Der Antragsteller wendet sich nun nicht gegen alle oder einzelne der im TabMG 1996 normierten Verhaltenspflichten, sondern (lediglich) gegen jene Normen, die - u.a. bei Verletzung der im Gesetz bzw. im Bestellungsvertrag vorgesehenen Verhaltenspflichten - zwingend eine Kündigung des Bestellungsvertrages bzw. die Verhängung einer Geldbuße vorsehen, somit gegen jene Sanktionen, die bei Verletzung der Verhaltenspflichten einzutreten haben. Der Antragsteller bekämpft also nicht bestimmte auf dem TabMG 1996 beruhende Verhaltenspflichten wegen Verfassungswidrigkeit, sondern führt ausdrücklich aus, dass er (lediglich) durch die angefochtenen Normen in Rechten verletzt werde, wobei aus seinem Vorbringen abzuleiten ist, dass seine Bedenken sich nicht gegen die Kündigungsmöglichkeit an sich richten, sondern dagegen, dass es auch dann, wenn ein Kündigungstatbestand objektiv gar nicht verwirklicht wurde, zu einer solchen Kündigung kommen kann, deren Berechtigung nur ex post - und daher nach Eintritt eines unwiederbringlichen Schadens (Verlust der Existenzgrundlage) - überprüft werden kann.

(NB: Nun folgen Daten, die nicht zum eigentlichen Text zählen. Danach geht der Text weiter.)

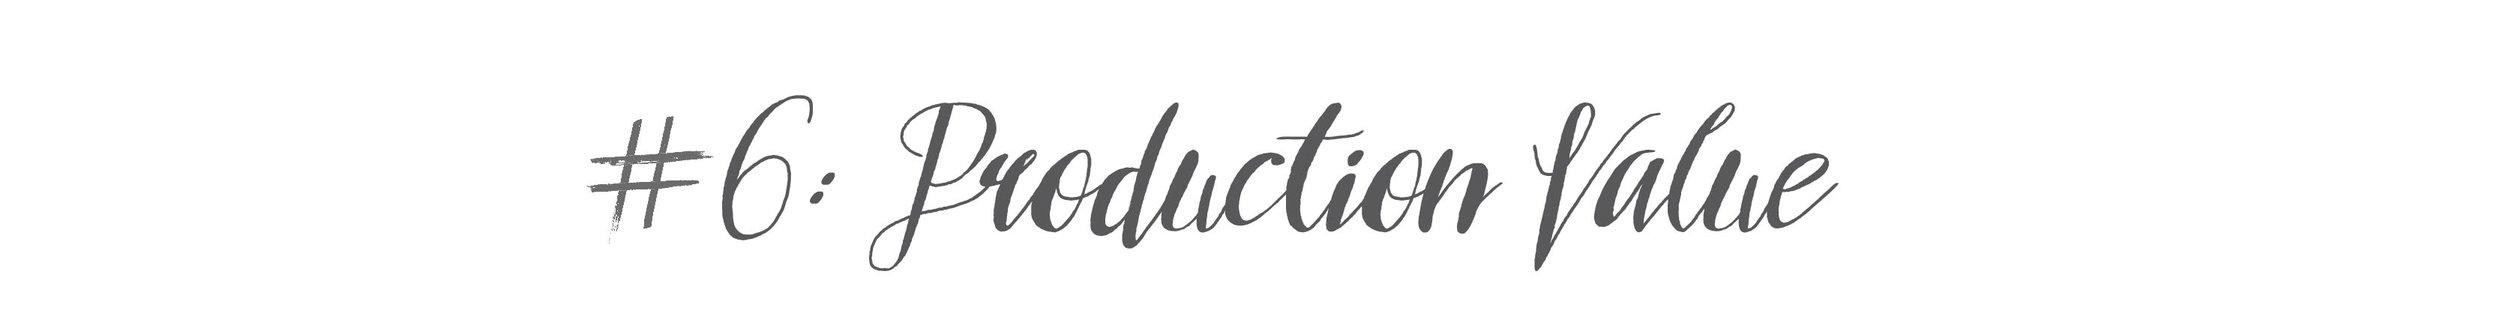 6-production-value.jpg

Damit vermag der Antragsteller seine Antragslegitimation nicht zu begründen. Es ist offensichtlich, dass die Kündigungssanktion ebenso wie die Sanktion des §35 Abs6 leg.cit. ihn aktuell nicht betreffen, solange die Tatbestände des §35 Abs2 leg.cit. - insbesondere der Tatbestand der Z2 - weder von ihm verwirklicht noch seine Verwirklichung (wenn auch zu Unrecht) von der Monopolverwaltung GmbH angenommen wird. Sollte es aber - obwohl objektiv ein Kündigungsgrund gar nicht vorliegt - zu einer Kündigung des Bestellungsvertrages durch die Monopolverwaltung GmbH kommen, stehen dagegen die zivilrechtlichen Rechtsschutzeinrichtungen (Klage auf Zuhaltung des Bestellungsvertrages und Gewährung vorläufigen Rechtsschutzes nach §381 EO) zur Verfügung. Eine für unangemessen gehaltene Sanktion könnte der Trafikant im Übrigen auch mittels einer vorbeugenden Feststellungsklage einer gerichtlichen Kontrolle zugänglich machen. Im Rahmen solcher Verfahren kann auch die Frage releviert werden, ob die Sanktionen des §35 Abs2 bzw. 6 TabMG 1996 verfassungskonform sind.

Der Antrag ist daher mangels Antragslegitimation zurückzuweisen.

3. Dieser Beschluss konnte gemäß §19 Abs3 Z2 lite VfGG in nichtöffentlicher Sitzung getroffen werden.